Gold vs SIlver 10 Day Ratio

Now obviously, indeed logically being pro-Gold, let not our spirits be deflated over deflation, for should it become material, 'twill in turn inflate us to becoming elated over inflation, assuming one holds Gold, or better yet, adds to one's pile. Let's take a quick global glimpse:

1) Germany's Consumer Spending may have just barely swerved Deutschland away from Q3 recessionary concerns, however next door in France, words of warning have been sent down from the European Community Bank that Le Coq and like nations need implement further unpopular economic reforms and austerity programs, which when they all go wrong shall surely keep the €uro tumblers a-printin';

2) Japan's inflation rate just hit a yearly low as did its ¥en follow in tow against the Bucko. Seems that the Bank of Japan toward getting up to its 2% inflation target, with The Land of the Rising Sun sinking into recession, shall surely keep the ¥en tumblers a-printin';

3) Stateside, our economy may be on its best six-month stretch in a decade, but 'tis reported that we consumers who materially drive The Land of the Free are simply not that participative given the slow pace of earnings growth. As one New York-based economist put it this past week: "A lot of the data suggest we're not still in the wake of the Great Recession and financial crisis, but consumers have not forgotten those times ... People are quite terrified of what happened in 2008 and 2009". Who can blame them?
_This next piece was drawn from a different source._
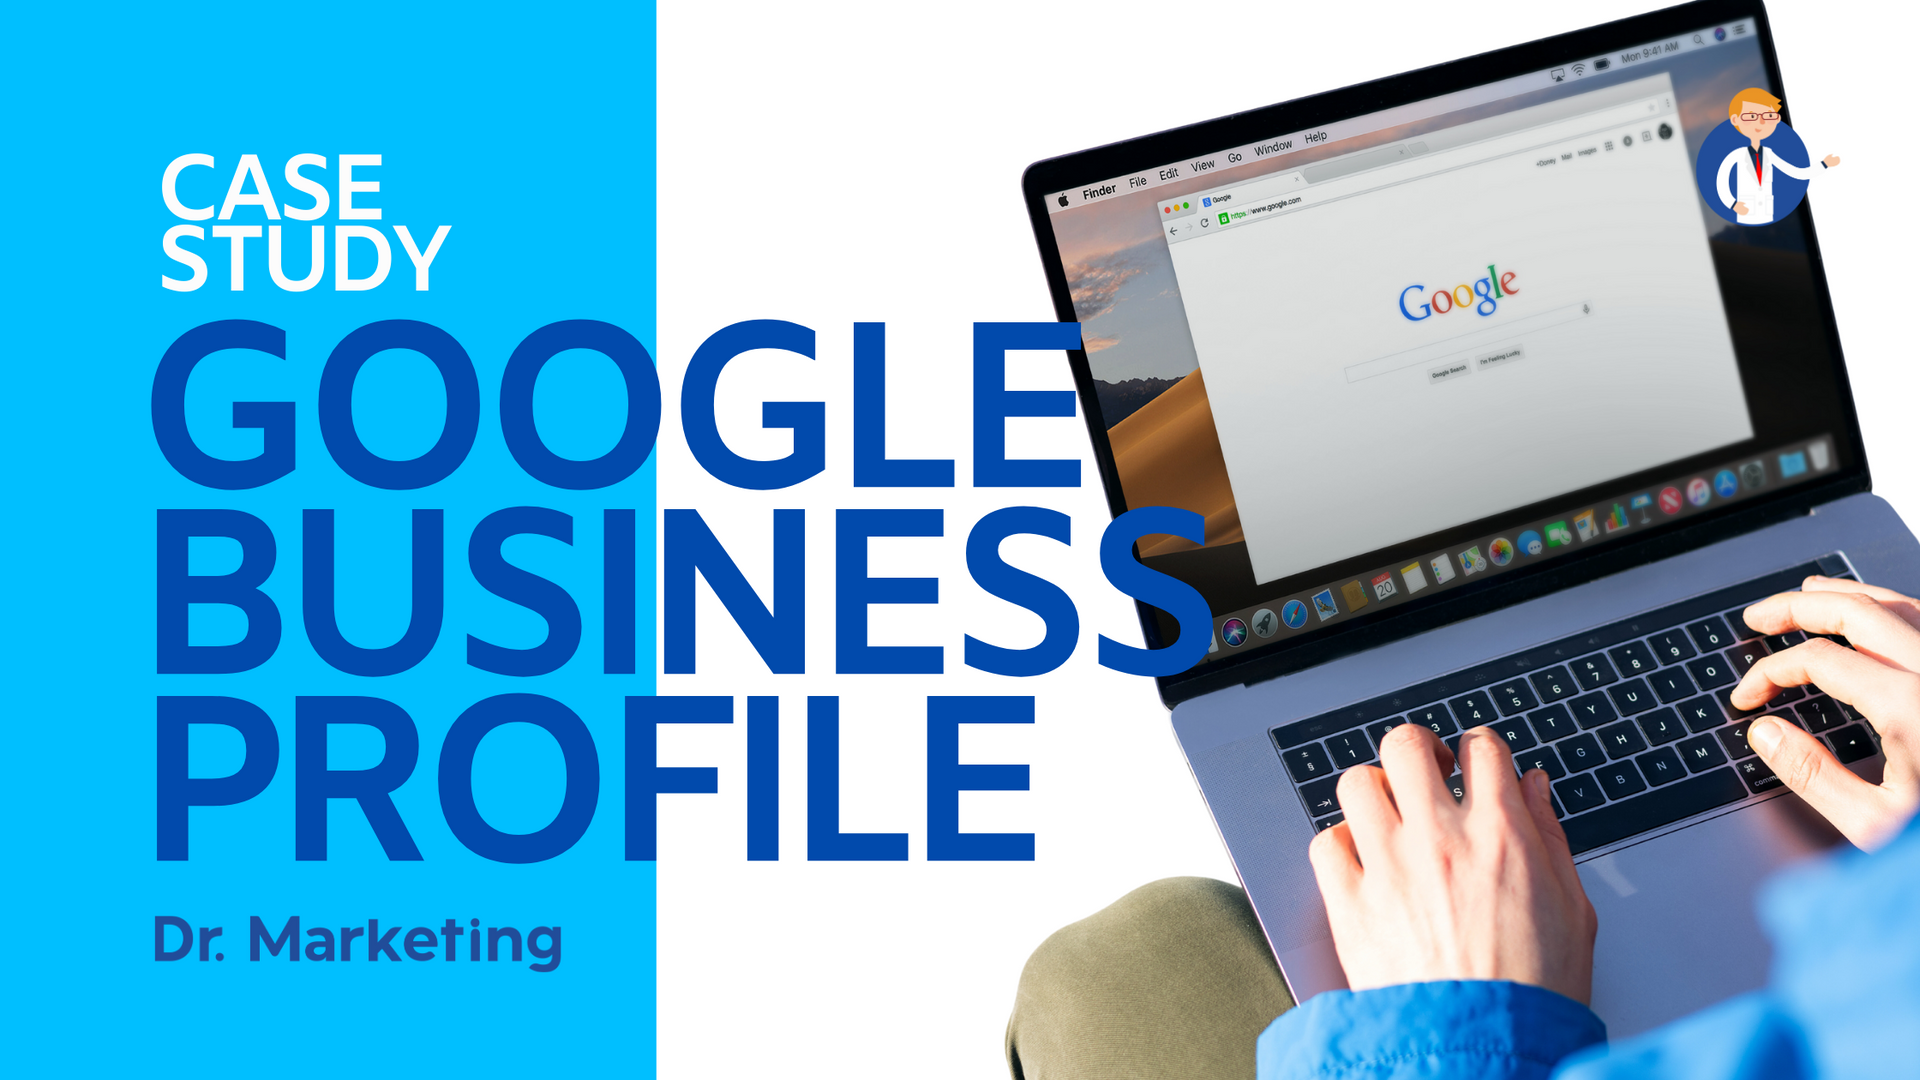 case study google business profile by dr. marketing
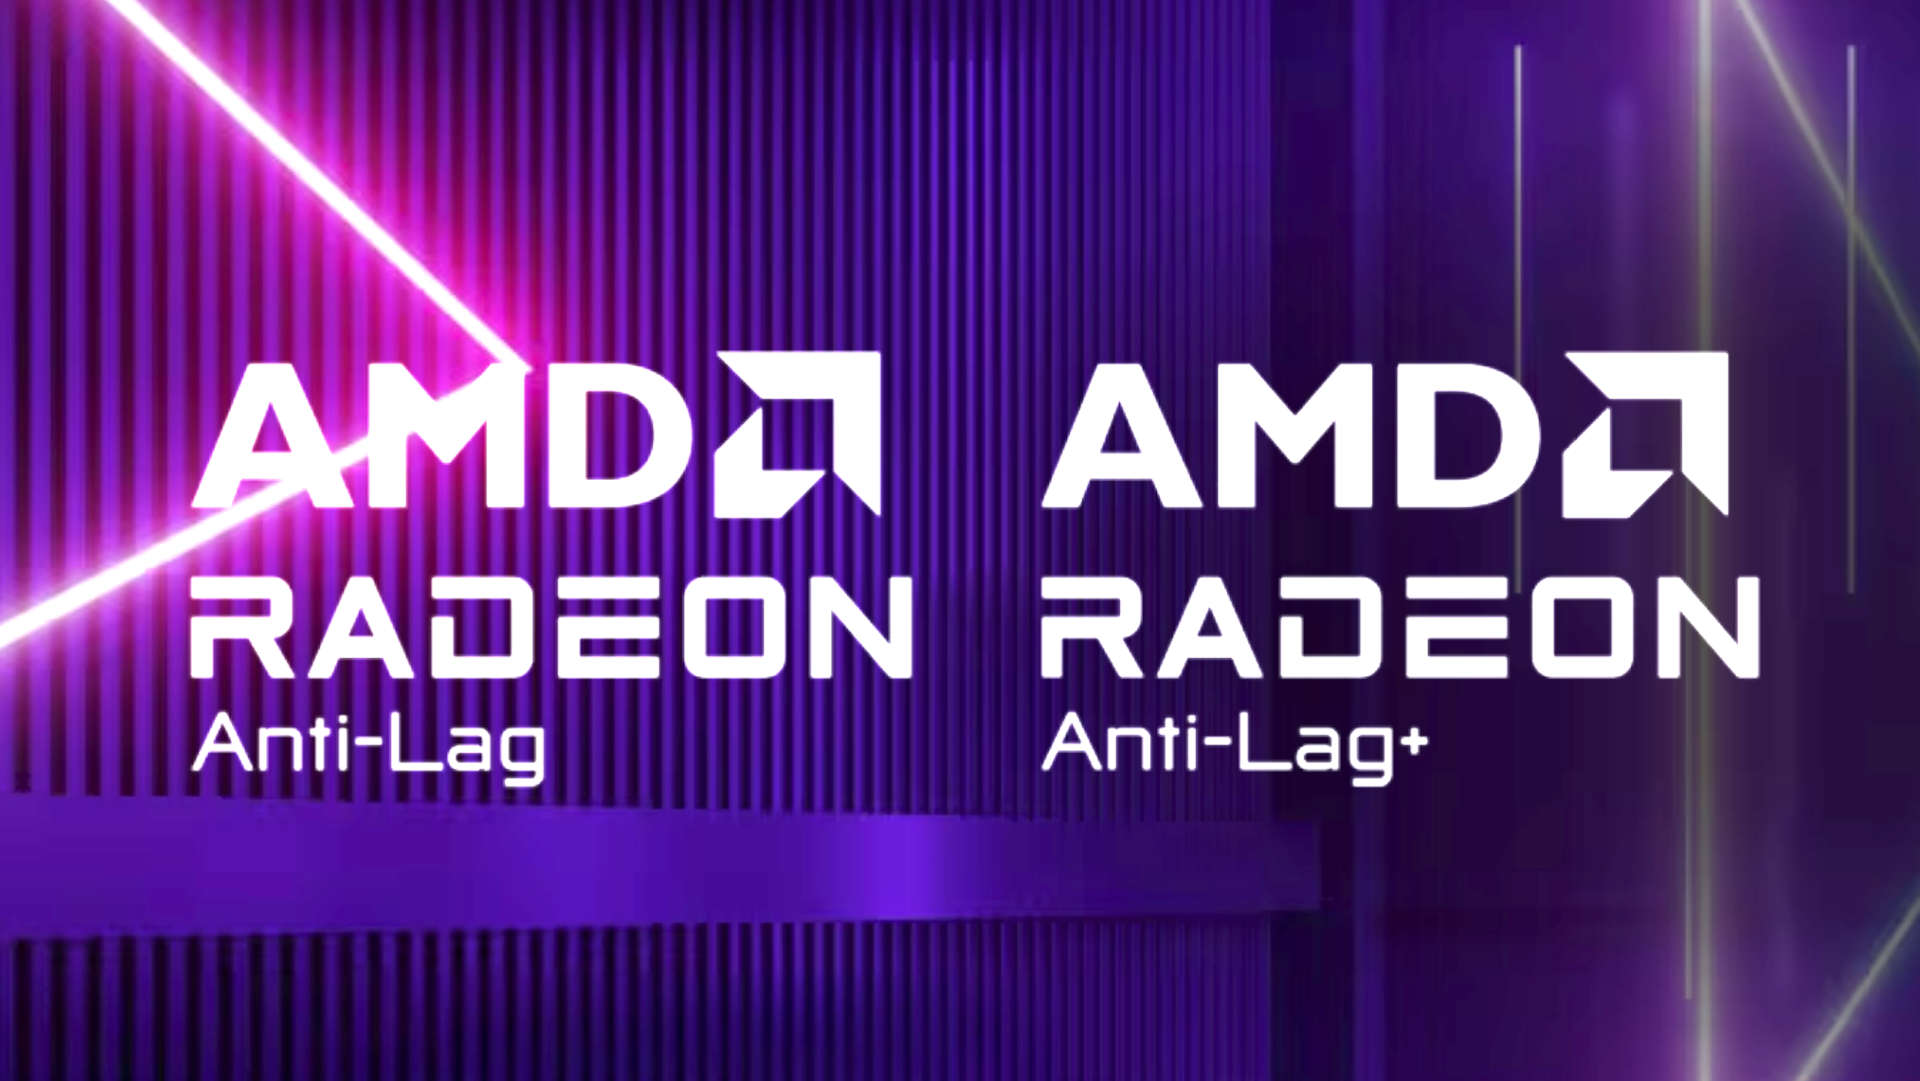  AMD's Anti-Lag+ looks to have been rehabilitated after the previous version gave some players a nasty case of the bans

A would-be repeat inevitably shall send the Dollar tumblers a-printin'.

Finally, if you think Gold, the EuroCurrencies, Copper, Silver and Crude Oil are having a hard go of it, then pity even more poor Tiffany & Co. having missed forecasts for their Q3 earnings. To where might this lead? From luxury to austerity? Given France's citizenry already having to deal with the latter, will we see them mobbing the front door of the company's store on Paris' Rue de la Paix, begging for bargain-priced baubles? If only we could bring back Audrey Hepburn!